I sat in an anticipated silence for about fifteen minutes as Roj scanned my essay for English class this week. It had to be some sort of a memoir; a story about our past that effected our future. Kind of stupid really, because every part of our past effected humanity in some way or another. How was I to choose one moment? Professor Engle told us to write about something significant, and since the only experience in my life that truly felt good enough to be mentioned was my mother's death, I decided to write the essay on that.

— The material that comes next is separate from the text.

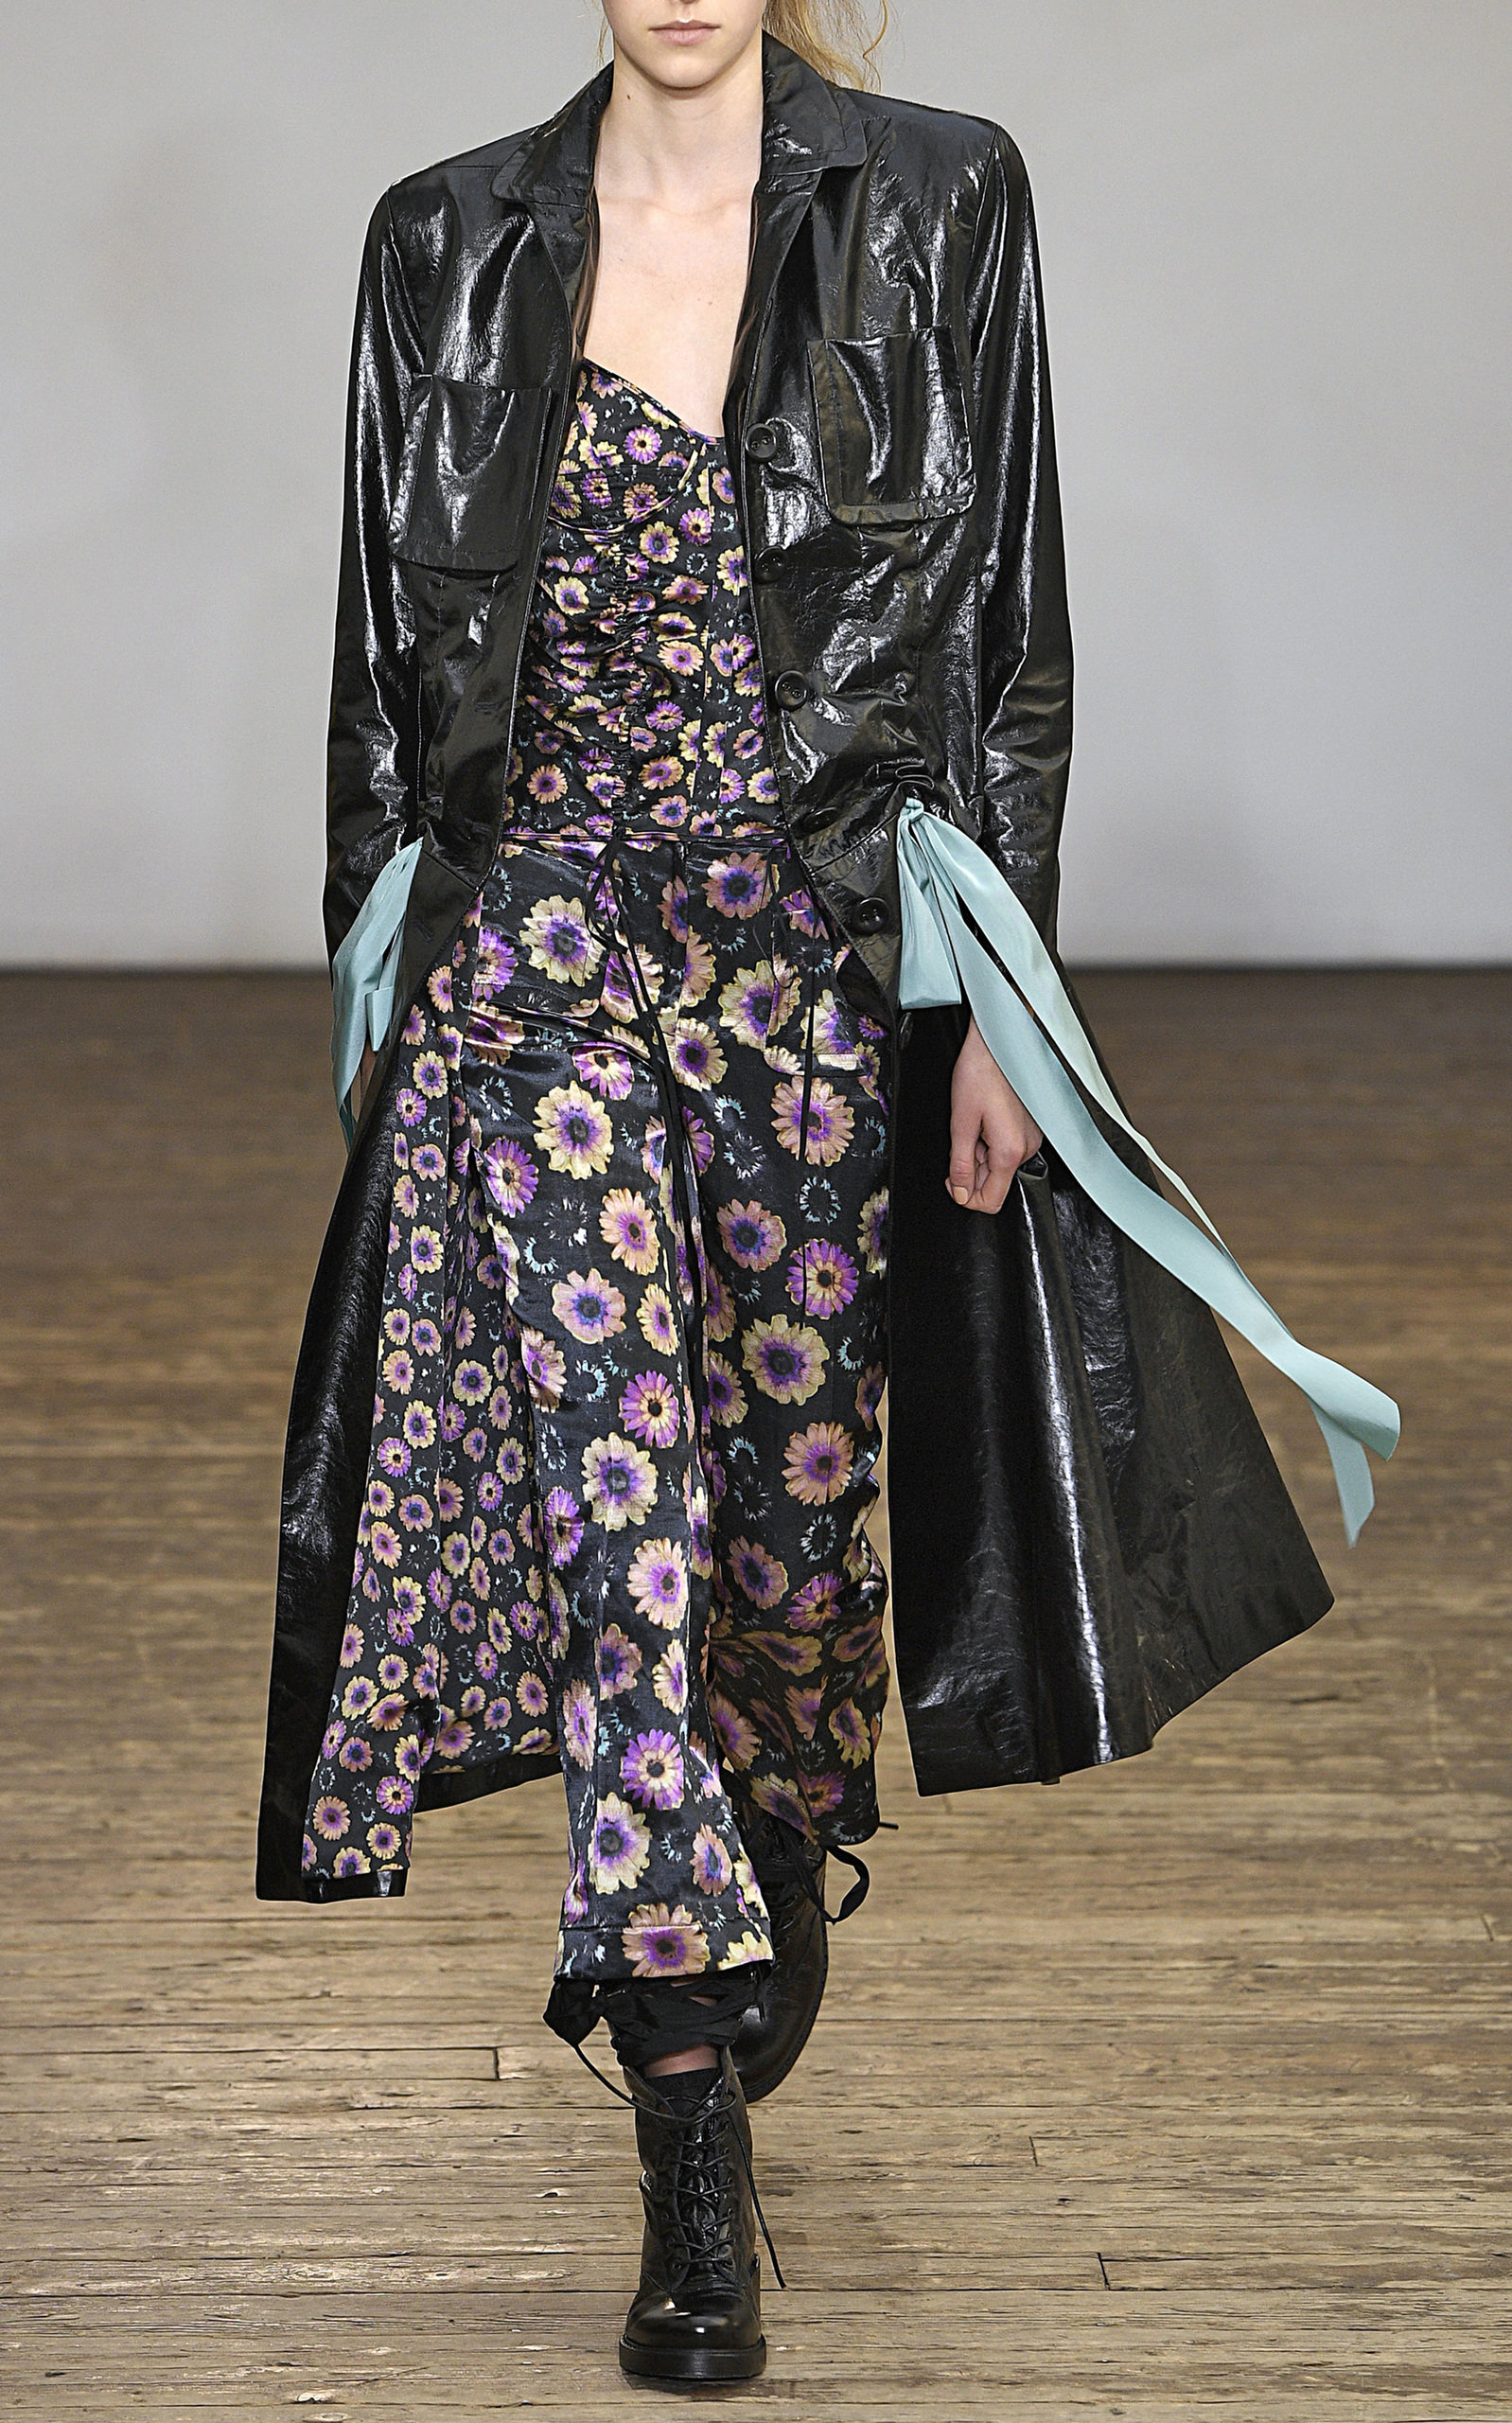 Moda Tailored Coat Leather Operandi By Olivier Naper Theyskens p1qRcf4fU

His eyes roamed the paper, and the pages cracked with every transition he made to a new one. When he was done reading, he looked up at me with eyes the color of sand, and he sighed.
I didn't exactly take that well. In fact, I wasn't taking any of this well. For the first time in four years, I was going to tell my story to another human being- other than Roj, of course. This whole situation was positively nerve wracking. As to the question: Why my teacher, of all people? Well, the answer was simple. The guy was a decent enough man who seemed to honestly care about his students and their wellbeing. He also made me laugh a lot.
One time a student in class saw Mr. Engle eating from a plate of fruit salad. The boy said, "Dude, that's so gay."
Mr. Engle, who was just about to take another bite out of his light meal, stopped what he was doing, let it hover in the air, and said, "What the hell is gay?"
"Your fruit salad."
Mr. Engle slowly put the plate on his desk and gave the boy a perplexed look. "I don't understand how fruit salad can be considered gay."
"It just is, bro."
"Well, bro," he said with a mockery of a smile, "you would be the expert on that now, wouldn't you?"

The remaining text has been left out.